For instance, if a person dies young, you can’t assume its because he dishonored his parents. Outside factors can certainly affect a person’s longevity.
But this much is true. A child who honors and obeys his parents will avoid quite a lot of sin and danger.
*Not to mention, his parents won’t be inclined to beat him to death. (*Meant as humor)
“Life is not measured only by quantity of time. It is also measured by quality of experience. God enriches the life of the obedient child no matter how long he may live on the earth. Sin always robs us; obedience always enriches us.1”
1 Wiersbe, W. W. (1996). The Bible exposition commentary (Vol. 2, p. 53). Victor Books.
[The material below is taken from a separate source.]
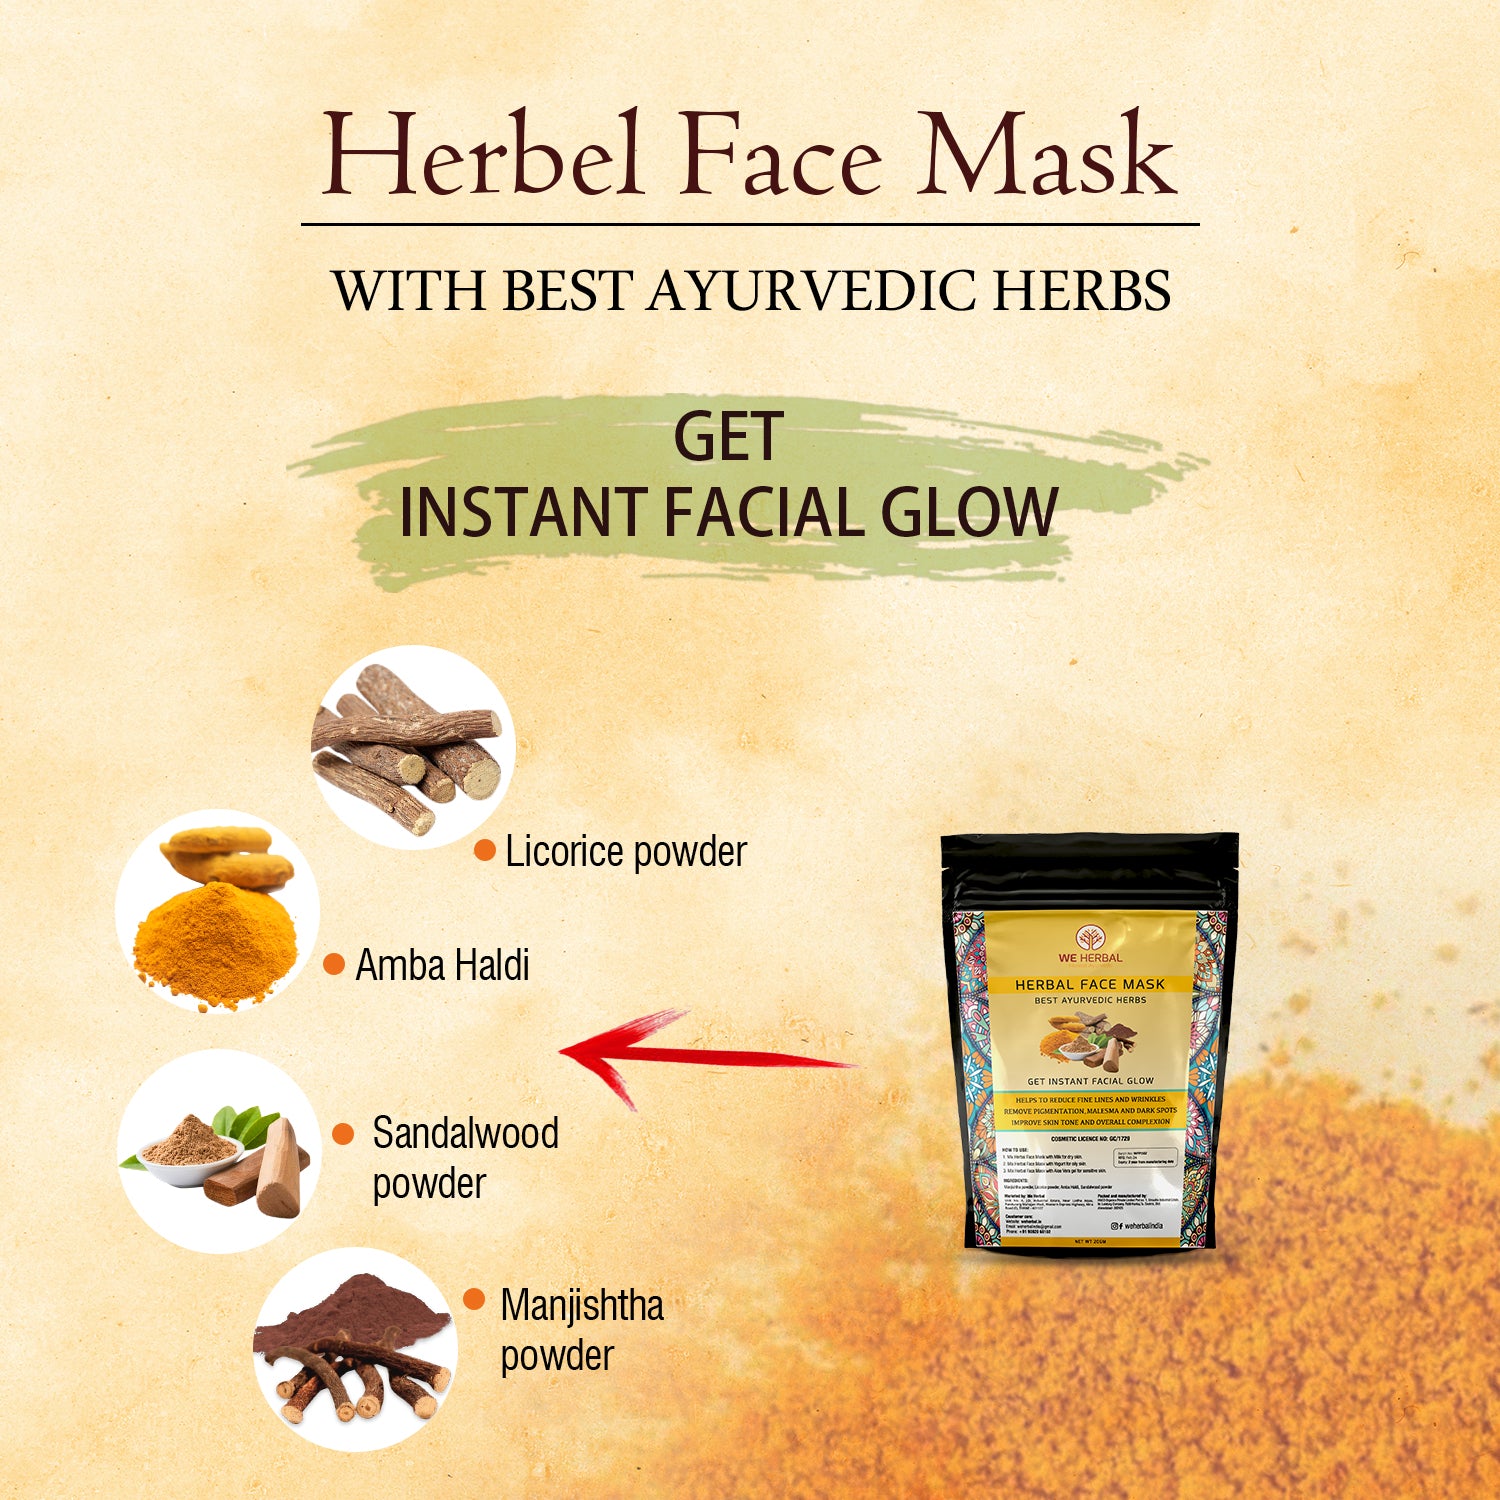 Herbal Face Mask | We Herbal

The command to honor your parents doesn’t end when you become an adult

1 Timothy 5:4
1 Timothy 5:4 NKJV
But if any widow has children or grandchildren, let them first learn to show piety at home and to repay their parents; for this is good and acceptable before God.
Our parents are ours to honor for as long as we live.
As our parents age and need assistance, the children are the first who should provide. It is their responsibility first.
Our parents cared for and provided for us as we grew, and at some point the tables will be turned, and it’ll be our turn.
But the honor doesn’t end at the death of a parent. Even after they pass, we should still honor and respect them.
We should not disrespect them by speaking badly of them even after they’ve left this earth.
So, while we may see this commandment as applying to children, in reality it is a lifelong command.
V.4
For all of the instructions for children to obey, the relationship is not one-sided. Parents (fathers) have responsibilities too.
Just a note, by addressing this to fathers, Paul is underscoring their leadership role in the family. Sadly, it’s a role that many men have abandoned today.
First, Fathers are told not to “Provoke your children to anger”.
This would refer to excessively harsh discipline, abuse of authority, unfairness, condemnation, etc.
Unreasonable demands will only bring discouragement to the child.

Parents must not be too harsh

Colossians 3:21
Colossians 3:21 NKJV
Fathers, do not provoke your children, lest they become discouraged.
Once again, the Gospel introduced a revolutionary element into the role of parenting. It insisted that the feelings of the child must be taken into account. This was unheard of back then.
This is followed up by the second part of the command to “Bring them up in the discipline and instruction of the Lord”.
Training (bring up) is a good word for this, because training requires instruction followed by discipline or compassion and encouragement, as the situation demands.
This is yet another command which has a promise tied to it.

Another command with promise

Proverbs 22:6
Proverbs 22:6 NKJV
Train up a child in the way he should go, And when he is old he will not depart from it.
At some point, at least, the training will kick in if we do it in the proper way, in the “Discipline and instruction of the Lord”.
Children, if left to themselves, will be rebellious. They require corrective discipline from the parents, to keep them on the right path. This is no different then how God Chastises us.

God disciplines His children

Proverbs 3:11-12
Proverbs 3:11–12 NKJV
My son, do not despise the chastening of the Lord, Nor detest His correction; For whom the Lord loves He corrects, Just as a father the son in whom he delights.
Job 5:17
Job 5:17 NKJV
“Behold, happy is the man whom God corrects; Therefore do not despise the chastening of the Almighty.
A parent who loves their child will chastise (correct) them, and they will be better off for it.
Further, they must be instructed in the Word of God, and this requires discipline on their part. They will need to develope disciplines such as self-control, patience, etc.
The child is obligated to obey, but the parent’s responsibility is arguably more difficult then the child’s.
In the end, the purpose of parental discipline is to help a child to learn, mature, and grow closer to Christ.
Remember, we cannot teach what we do not know. You don’t need to be a Bible scholar, but you do need to know Christ.
Romans 10:9 NKJV
that if you confess with your mouth the Lord Jesus and believe in your heart that God has raised Him from the dead, you will be saved.